Accordingly, the molded fire extinguishing body can have physical properties of lightness and high strength by increasing the compressive strength and widening the micropores.

In step S40,

By drying the extinguished molded body at a constant temperature in a certain temperature range (15°C to 20°C), it is possible to prevent cracks from occurring on the surface of the molded body due to temperature differences.

Figure 2 is a second flow chart of the method for manufacturing a fire extinguishing molded body for extinguishing forest fires according to the present invention.

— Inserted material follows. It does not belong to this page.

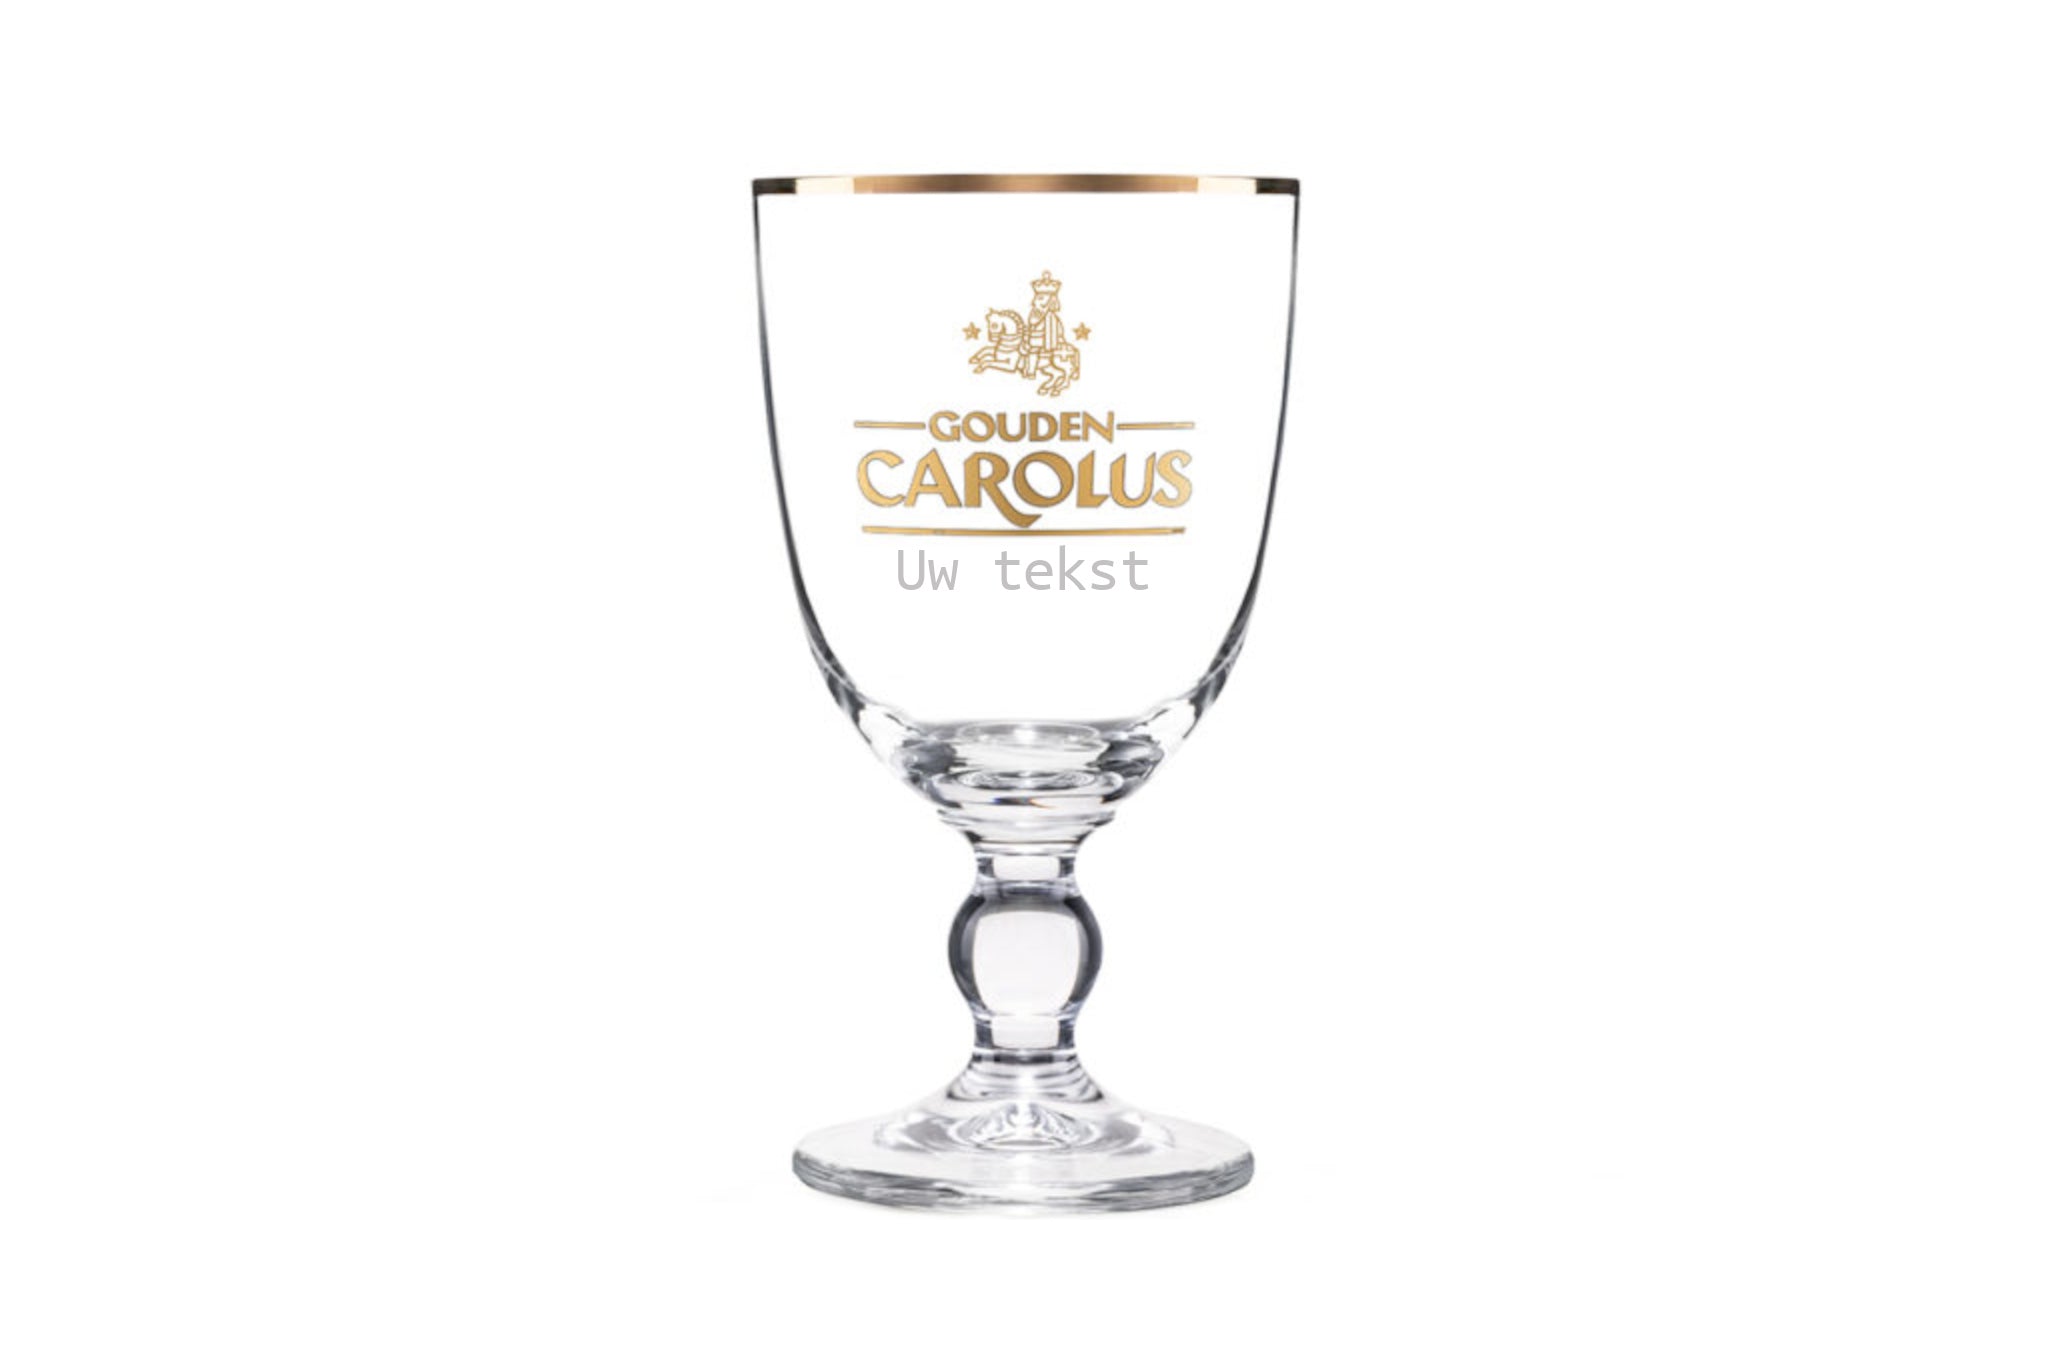 Gepersonaliseerd Gouden Carolus glas met naam gravure

As shown in FIG. 2, after step S40, the fire extinguishing molded body for forest fires may further include step S50 of coating a silicone resin to prevent penetration and weathering of rainwater or moisture.

The S50 step of coating this silicone resin is to improve the integrity of the fire extinguishing molded body, and can be achieved by coating to a thickness of 100 to 500㎛.

The fire extinguishing mold manufactured using the above-described method of manufacturing a fire extinguishing mold for extinguishing forest fires in step S40 or S50 releases the fire extinguishing agent by explosion and expansion in the temperature range of 70 ℃ to 250 ℃, and also generates nitrogen gas to extinguish the forest fire. Digestion is possible.

Since the embodiments described in this specification and the configurations shown in the drawings are only one of the most preferred embodiments of the present invention and do not represent the entire technical idea of the present invention, various equivalents can be substituted for them at the time of filing the present application. It should be understood that there may be variations.

Claims (6)

Step S10 of separating and obtaining a fire extinguishing agent based on ammonium phosphate from a spent fire extinguisher;
Step S20 of obtaining a fire extinguishing agent mixture by adding an explosive agent, an expanding agent, a gas diffusion agent, a fire extinguishing aid, a ignition retardant, a viscosity agent, and a molding agent to the fire extinguishing agent;
Step S30 of putting the fire extinguishing agent mixture into a molding machine, performing high pressure molding, and demolding the molded body for fire extinguishing; and
Including a step S40 of drying the extinguishing molded body at a constant temperature,
The fire extinguishing molded body functions to extinguish a forest fire by generating nitrogen gas and carbon dioxide along with scattering of the fire extinguishing agent by an instantaneous explosion in the temperature range of 70°C to 250°C upon contact with flame,
The S40 step is
Molding a fire extinguishing molded body, characterized in that high pressure molding of the fire extinguishing agent mixture in the range of 5 to 20 tons / cm2 through the molding machine,
After step S40,
A method of manufacturing a fire extinguishing molded body for extinguishing a forest fire, further comprising step S50 of coating the surface of the fire extinguishing molded body with a silicone resin to a thickness of 100 to 500㎛.
According to paragraph 1,
The ammonium phosphate is
A method of producing a digested molded body, characterized in that it is composed of any one or a mixture of two or more of ammonium monophosphate, ammonium diphosphate, and ammonium triphosphate.
According to paragraph 1,
The fire extinguishing agent mixture is
About 100 parts by weight of fire extinguishing agent
10 to 15 parts by weight of an explosive agent consisting of any one or a mixture of two or more of nitroguanidine, guanidine nitrate, and tetramethylethylenediamine,
2 to 11 parts by weight of a gas diffuser consisting of sodium azide,
5 to 10 parts by weight of a swelling agent consisting of ammonium carbonate,
5 to 10 parts by weight of a digestive aid consisting of sodium bicarbonate,
3 to 5 parts by weight of a fire retardant consisting of zinc oxide,
1 to 2 parts by weight of a viscous agent consisting of azodicarbonamide,
A method for manufacturing a digested molded body, characterized in that it is made by mixing 0.5 to 2 parts by weight of a molding agent made of Na-bentonite.
delete delete A fire extinguishing molding manufactured using the method for manufacturing a fire extinguishing molding for forest fire extinguishing according to any one of claims 1 to 3.